Поклонившись, сотник вышел.

– Мы сами кого хочешь обидим! – пригрозила Прямислава закрывшейся двери. – Будет здесь князь Юрий – холопку продать, первым делом продать, без этого и разговаривать с ним не буду! И запомни! – велела она почему-то Кресте, как будто после появления здесь Юрия Ярославича Крестя еще каким-то образом могла оставаться «княгиней».

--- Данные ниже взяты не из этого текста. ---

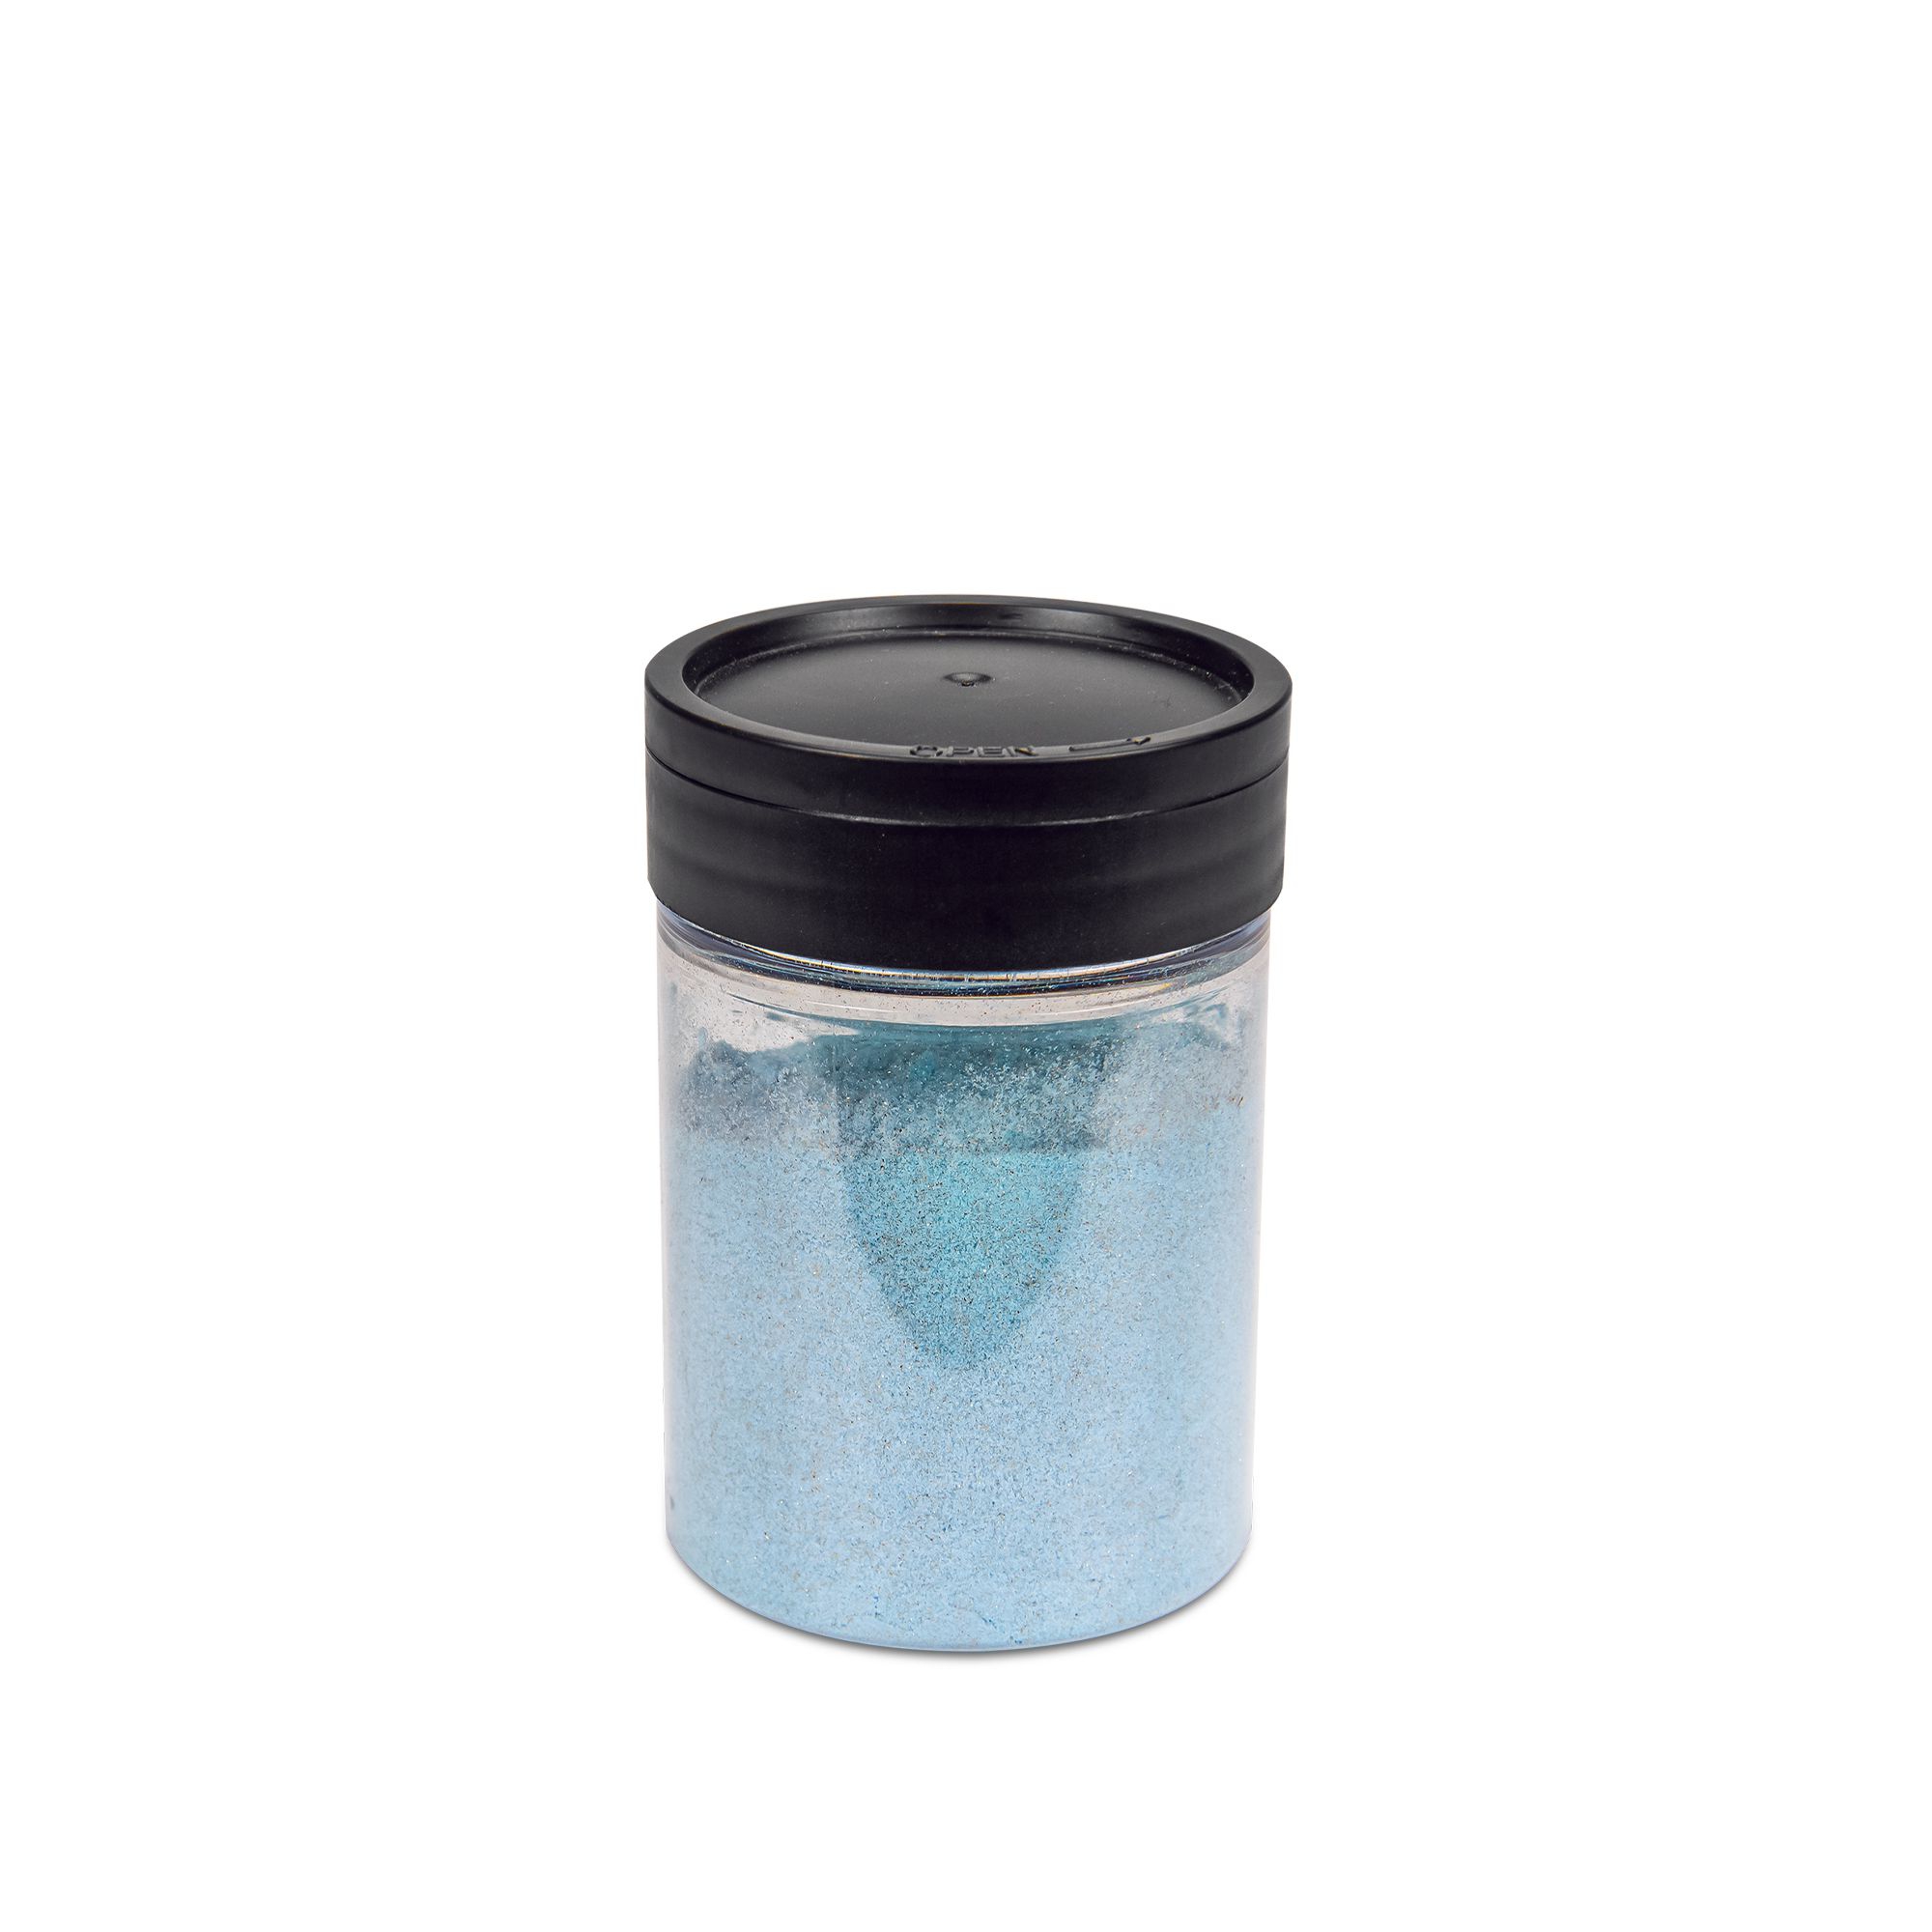 Städter - Essbarer Streudekor Diamond DustPuder Blau(50g)

А впрочем… Ведь князь Юрий тоже не знает ее в лицо. Прошел день, потом еще один, а Прямислава с двумя своими спутницами все еще жила в селе Ивлянке под присмотром сотника Мирона. Больше никого не было видно. Ключница Прибавка смотрела на приехавших с негодованием, видя в молодой берестейской княгине такую же захватчицу и соперницу, какую Прямислава видела в ней. Но Зорчиха лучше умела к ней подойти и уже на второй день кое-что выяснила. Вячеслав Владимирович действительно стоял в Ивлянке два дня, но потом к нему приехали люди из Турова, и, переговорив с ними, князь Вячеслав заторопился в дорогу.

– От туровских старост были двое, если не врет, да поп один, – так говорила Зорчиха, пересказывая то, что выудила у Прибавы. – Вроде, говорит, раскаялись они в своей измене – видно, узнали, что князь Вячеслав с большой силой на них идет, вот и передумали назад. Обещали ему ворота открыть, чтобы он без битвы в город вошел. А князя Юрия обещали хоть в цепях к нему вывести. Ну, вот он и заторопился, не дождался нас.

– Не дождался, а мы теперь тут сидим! – сердито воскликнула Прямислава, помнившая, что остается, по сути, в руках князя Юрия.

– Кабы знал, что по дороге перехватят, может, и дождался бы! – отвечала Зорчиха. Она раздобыла у Прибавы моток серой пряденой шерсти, и вот в руках у нее снова очутился очередной недовязанный чулок. – А может, и не стал бы ждать. Там, вишь, целый город ворота открывает, а тут мы втроем!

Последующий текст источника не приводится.